Looking around after 3 months of pandemic experience, the robots that moved in to medical settings appear to have been halted. The devices and systems that came in should have pointed towards a more efficient way of doing business, and local entrepreneurs should now be visible in supply chains. It did happen with swabs for virus testing. The Kotelawala Defense University has started producing ventilators on order, with a development lab available 24x7. That is the spirit of response, and the way to transform. As COVID-19 is of a scale way different from SARS, the opportunity space obviously is of a different scale as well. Pity the economy that only addresses the danger; there are many opportunities to move into a start-up economy.

There has to be more meaningful communication and decision-making through embracing science, technology and innovation. There is no developed economy in the world without a strong University in place. There is the onus for the researcher to rise up and be seen. The data points to significantly lower impact with COVID-19 in the tropical belt when there is sun all year round. There is also the complex evidence of BCG vaccination supporting disease avoidance and response. There is also the discussion on tea, and its power of antioxidants proving beneficial. So many rich opportunities for research within as cohorts are ever present. Now research should drive national response. 

Still we are fighting the disease with old techniques – contact-tracing, isolation and masks. While I agree that one need not discard trusted solutions yet at this stage, there is the other challenge – livelihoods and economy, and that is the reason for innovations. The more recent research on immunity being short-lived is sure to add another challenge. Again, a reason to better understand our immunity conditions developed through diet and lifestyle etc. Research results of Prof Neelika’s group at USJPura are awaited, as they have done so much, from detecting the first COVID-19 patient up to genomics on the virus. Research from UoM Prof Jayaweera’s group has been published on coughing and sneezing, an excellent review for planning out working with donning masks and safe distancing. At UoC, Dr. Sameera has published on a possible drug candidate through computer modelling. The issue is these stay as isolated works, as they are not part of the whole, and thus have no impact locally. Our media is not describing such information with depth, driving up the required literacy. Still, there is more space and prime time for astrology, even after its well-demonstrated ineptness to predict on what really matter. We will just follow an external directive without having the courage to discuss, plan and act differently. Embedding PDCA with innovation is sure to be useful. Remember the famous line of Shiv Kera – Winners do not do different things, they do things differently!

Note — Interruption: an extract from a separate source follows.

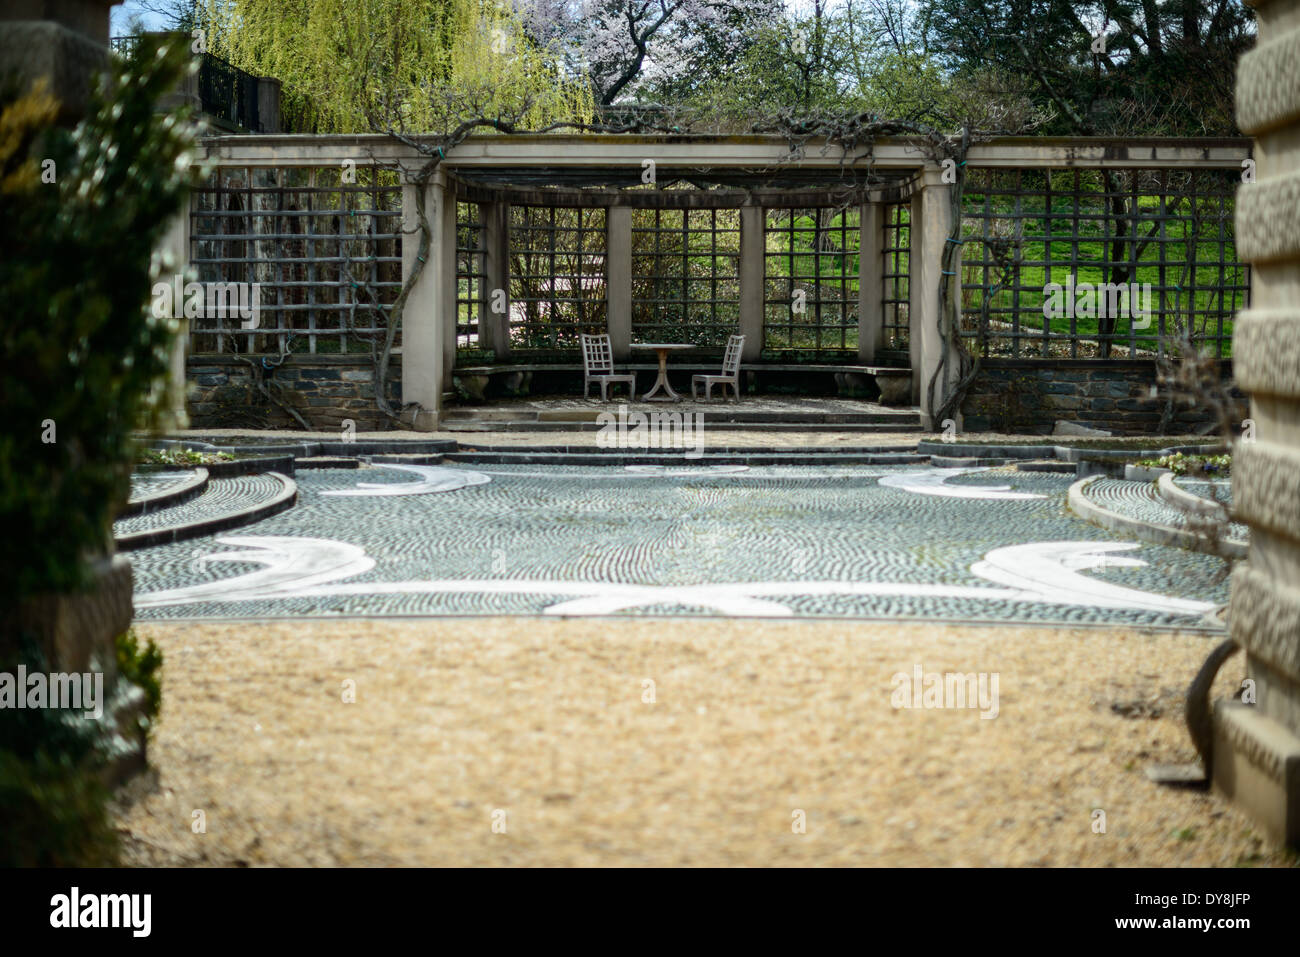 WASHINGTON DC, Stati Uniti d'America - i giardini di Dumbarton Oaks, una residenza storica nel cuore di Washington DC e del quartiere di Georgetown. Fu la residenza e giardini di Robert Woods Bliss (1875-1962) e sua moglie Mildred Barnes Bliss (1879-1969). Foto Stock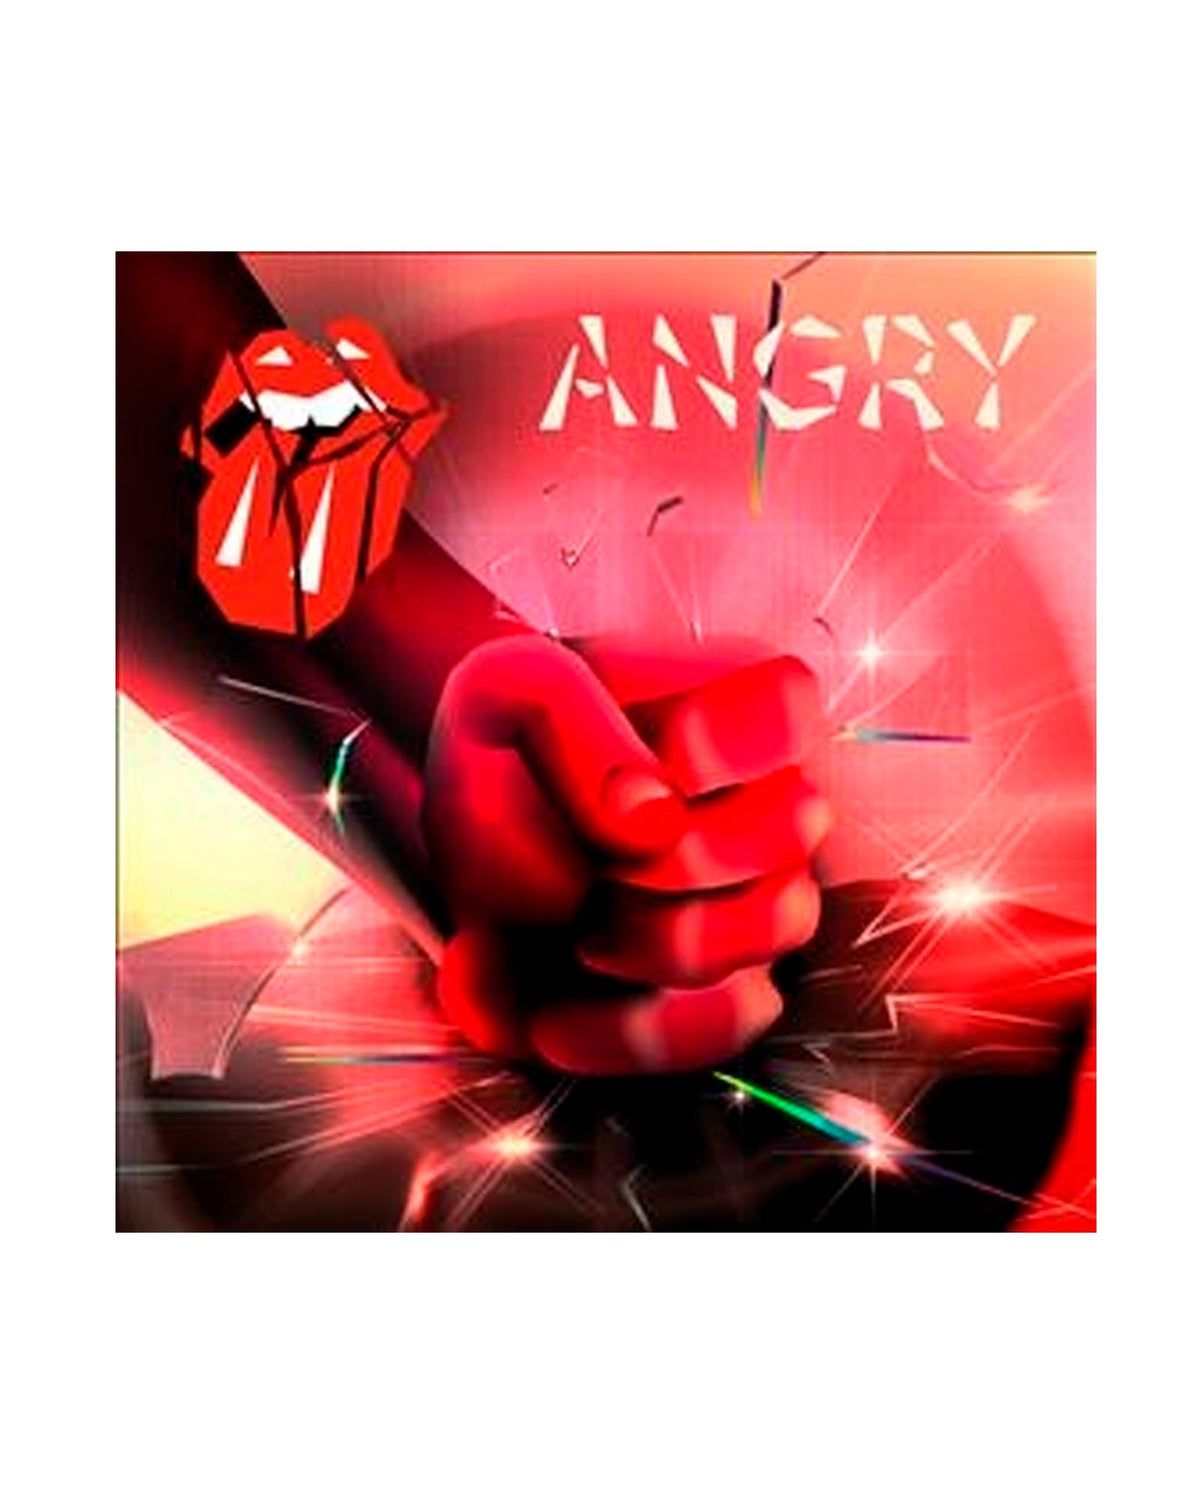 The Rolling Stones - LP Vinilo 10" Single Black "Angry" - D2fy · Rocktud - Rocktud

As an island, now with tourism closed and about 12000 monthly departures for jobs abroad stalled, one should imagine a new economic order to be introduced – a circular economy to be precise. In a circular economy, we would be mimicking nature, and that is not quite bad as nature has millions of years in history, and what it is doing now is probably the most sustainable. On the other hand, we are bludgeoning nature into submission, and in that process a small piece of biological material wrongly transferred has brought us down to our knees! Nature works in ways that one always can say are mutually beneficial. We work to win, so a loser is a must – one yearns for a profit so someone should make a loss, and working relationships are built on power principles. 

COVID-19 is still present. Wishing it to go away is not materialising. Redefining the way forward with a strong purpose by building a resilient economy has to be achieved, rather than continuously cursing the curse! It is time to see the virus and the current situation differently.